_Task to carry out:_
Once you find the line with "D-Shape earpiece", output it and every line after it exactly, through the last line of the listing, but no pictures.

_Provided material:_

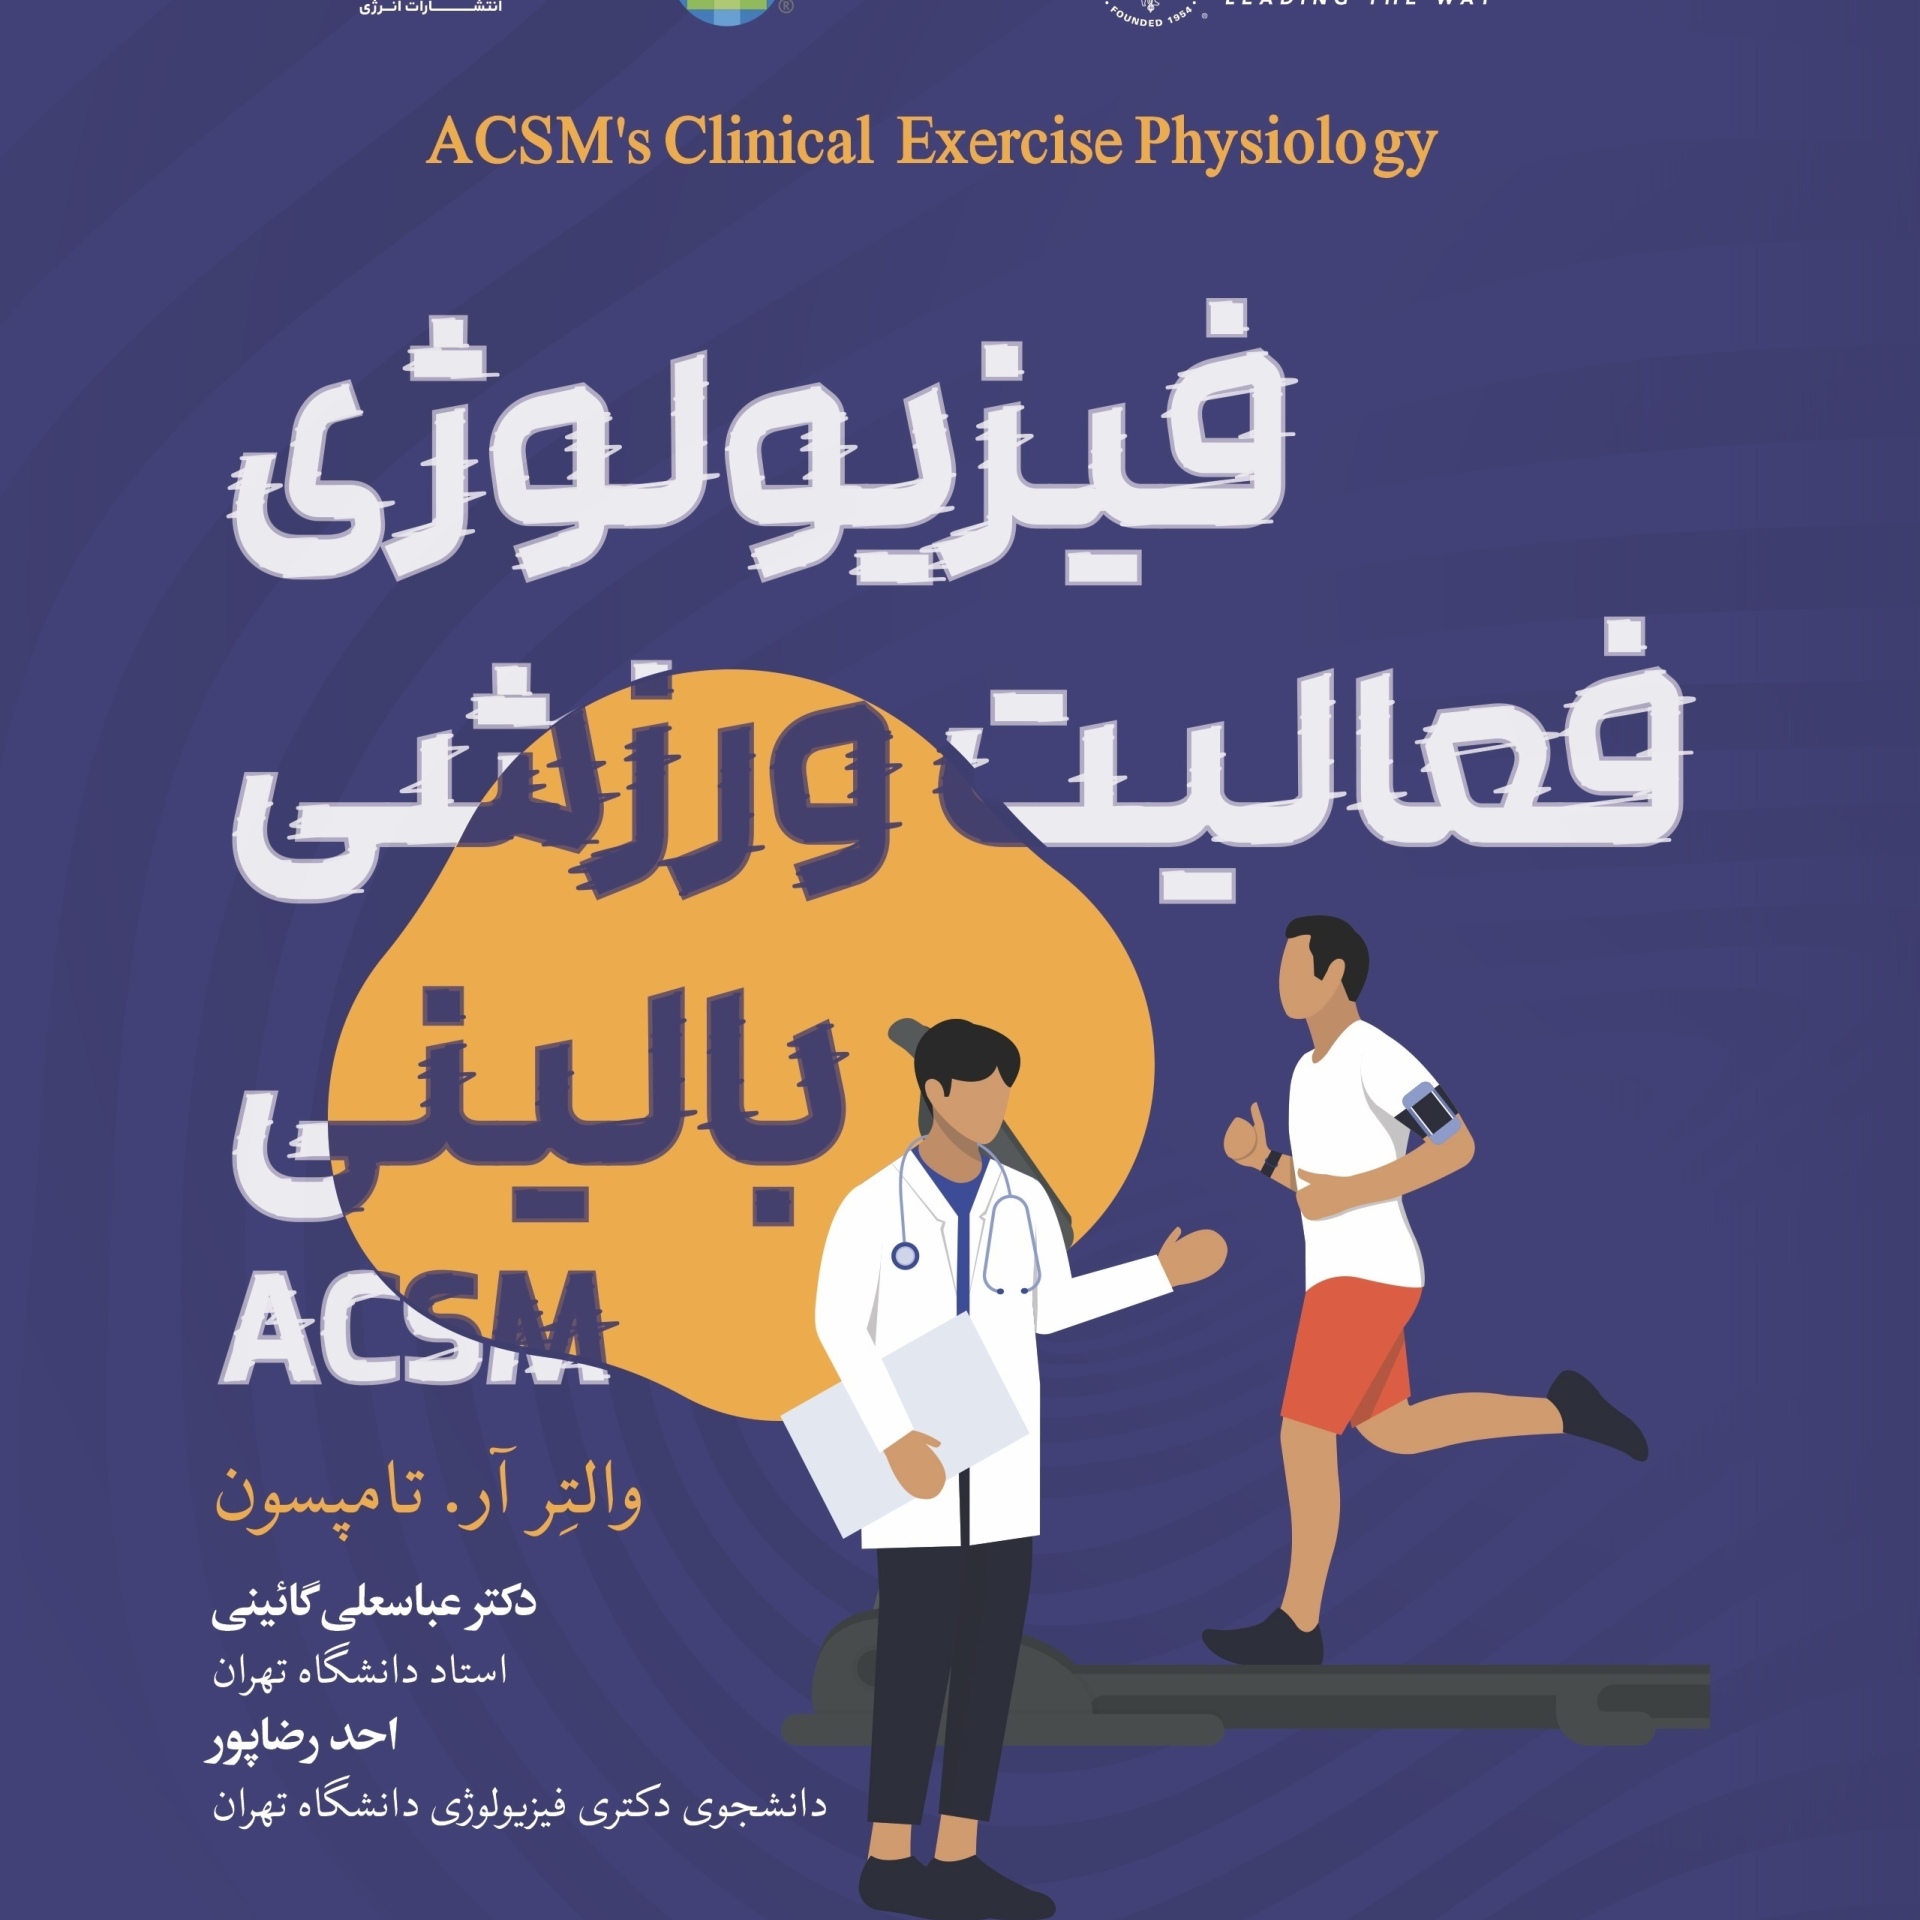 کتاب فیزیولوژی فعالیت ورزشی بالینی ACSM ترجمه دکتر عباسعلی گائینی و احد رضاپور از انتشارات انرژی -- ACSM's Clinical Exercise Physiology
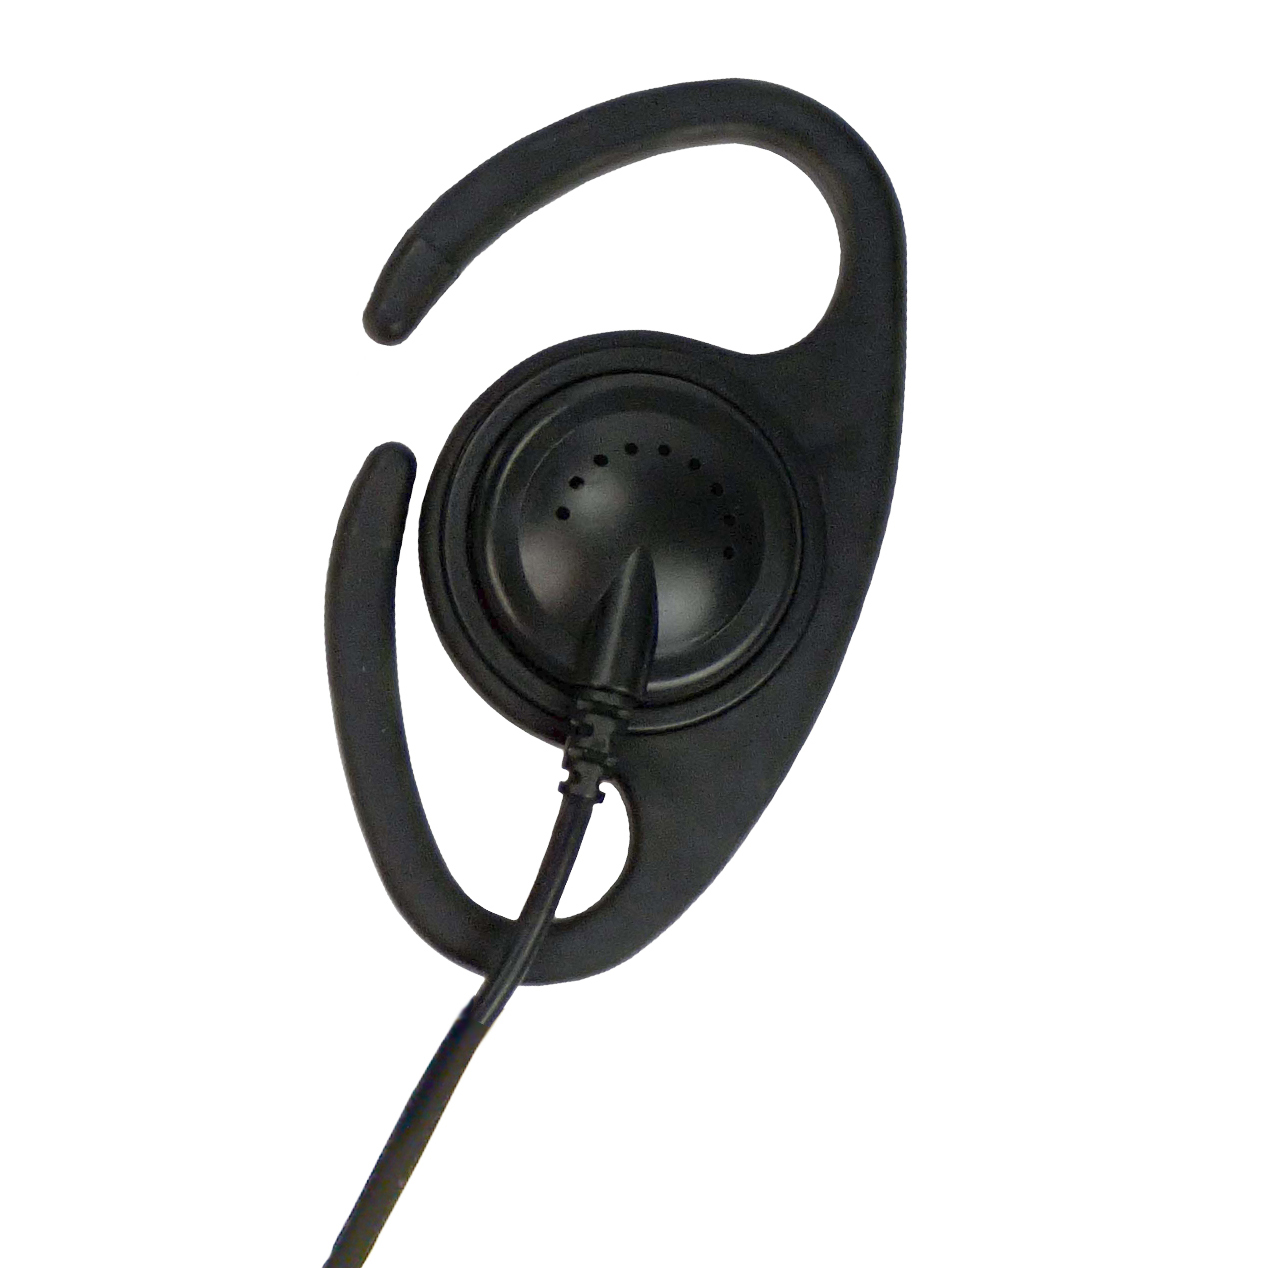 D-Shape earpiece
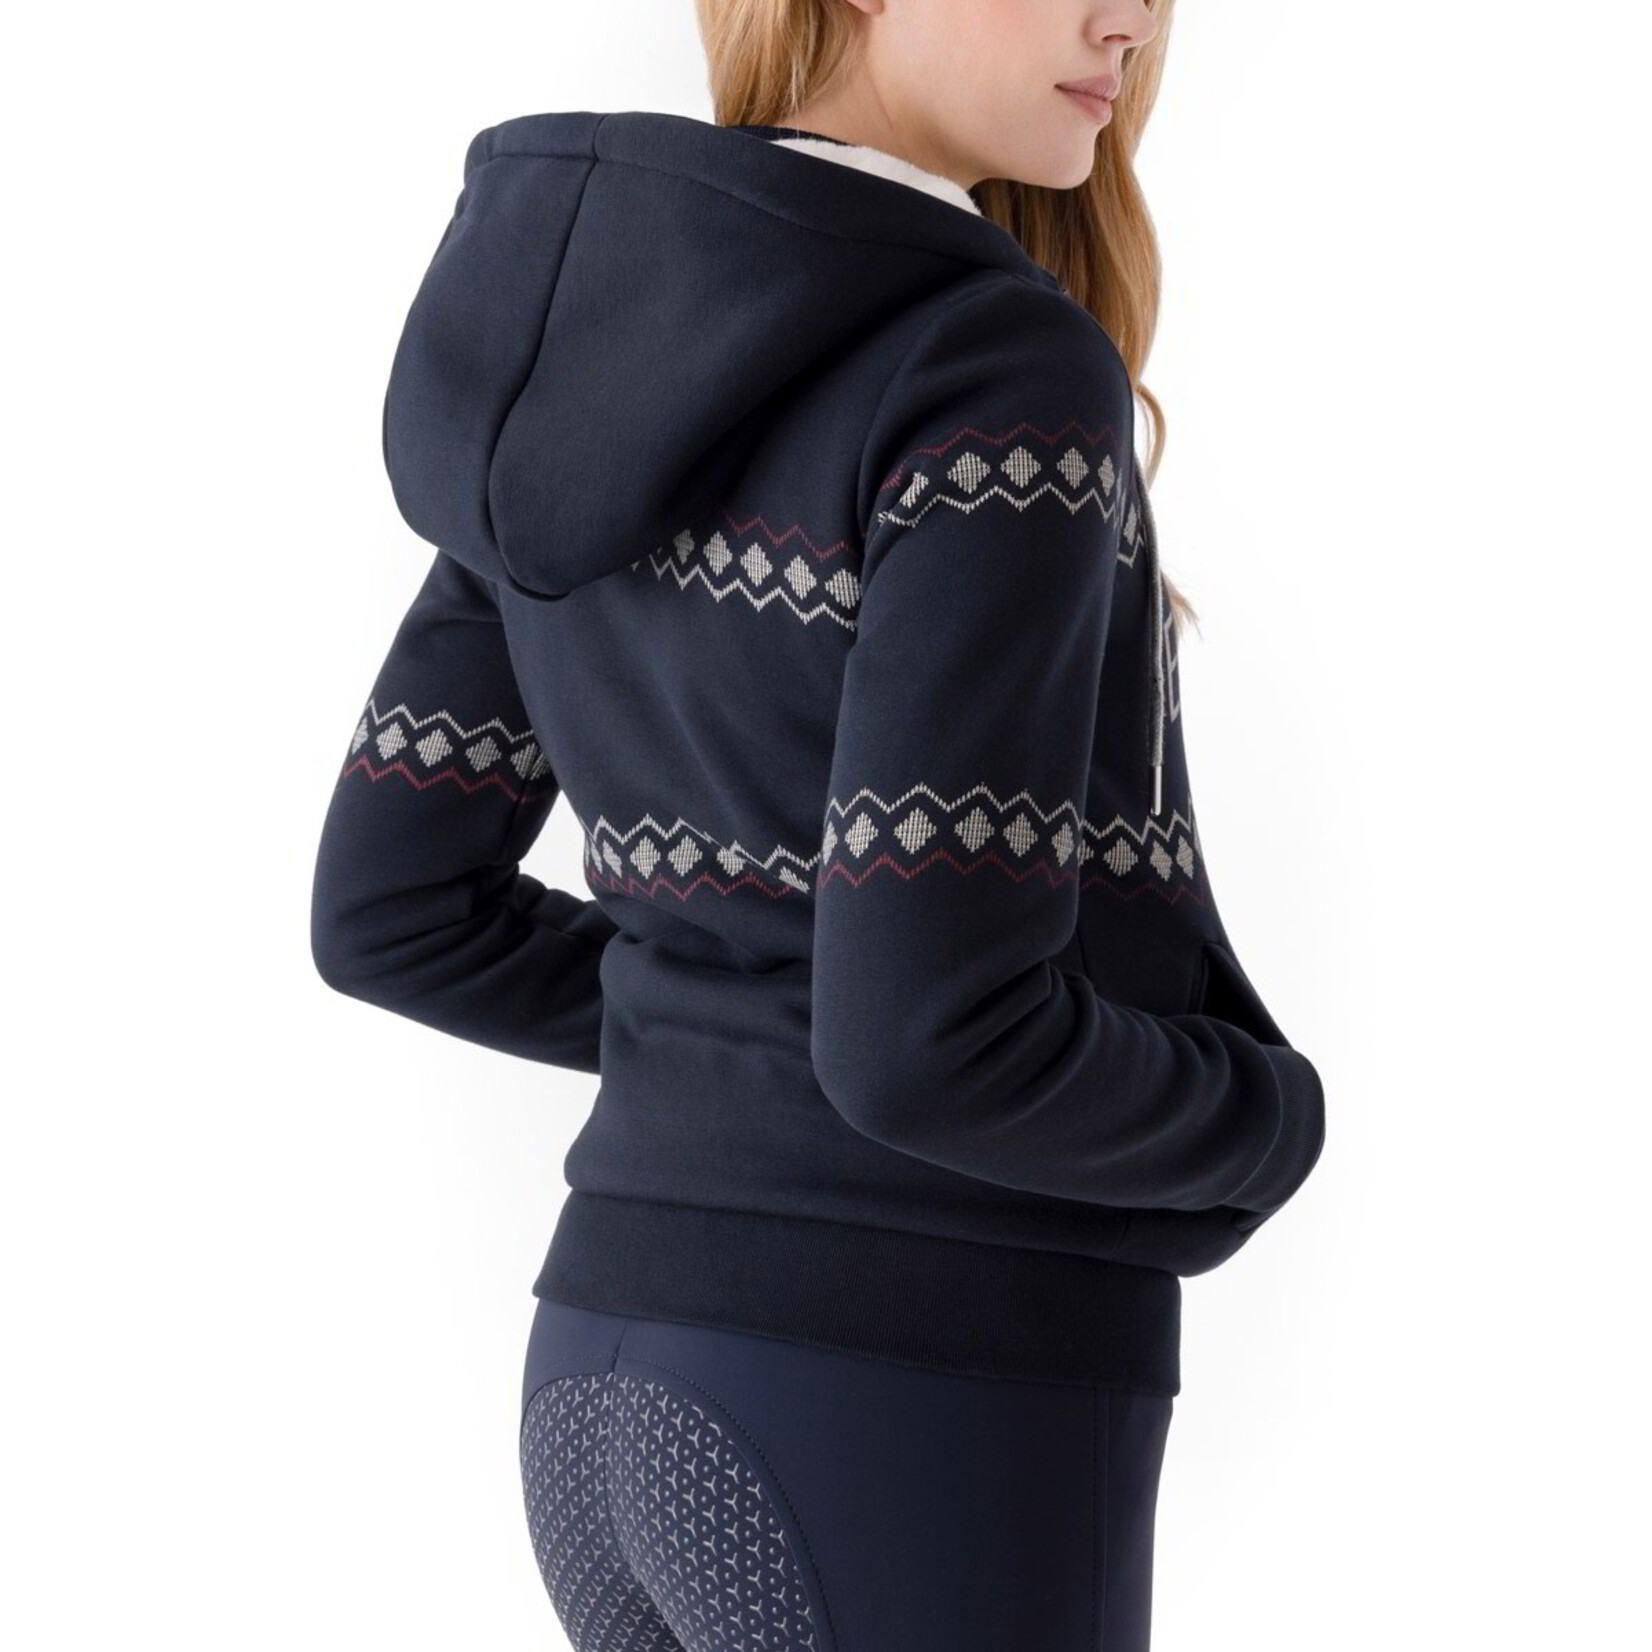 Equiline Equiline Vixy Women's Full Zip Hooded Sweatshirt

_Reply to the task:_
 D-Shape earpiece
 Equiline Equiline Vixy Women's Full Zip Hooded Sweatshirt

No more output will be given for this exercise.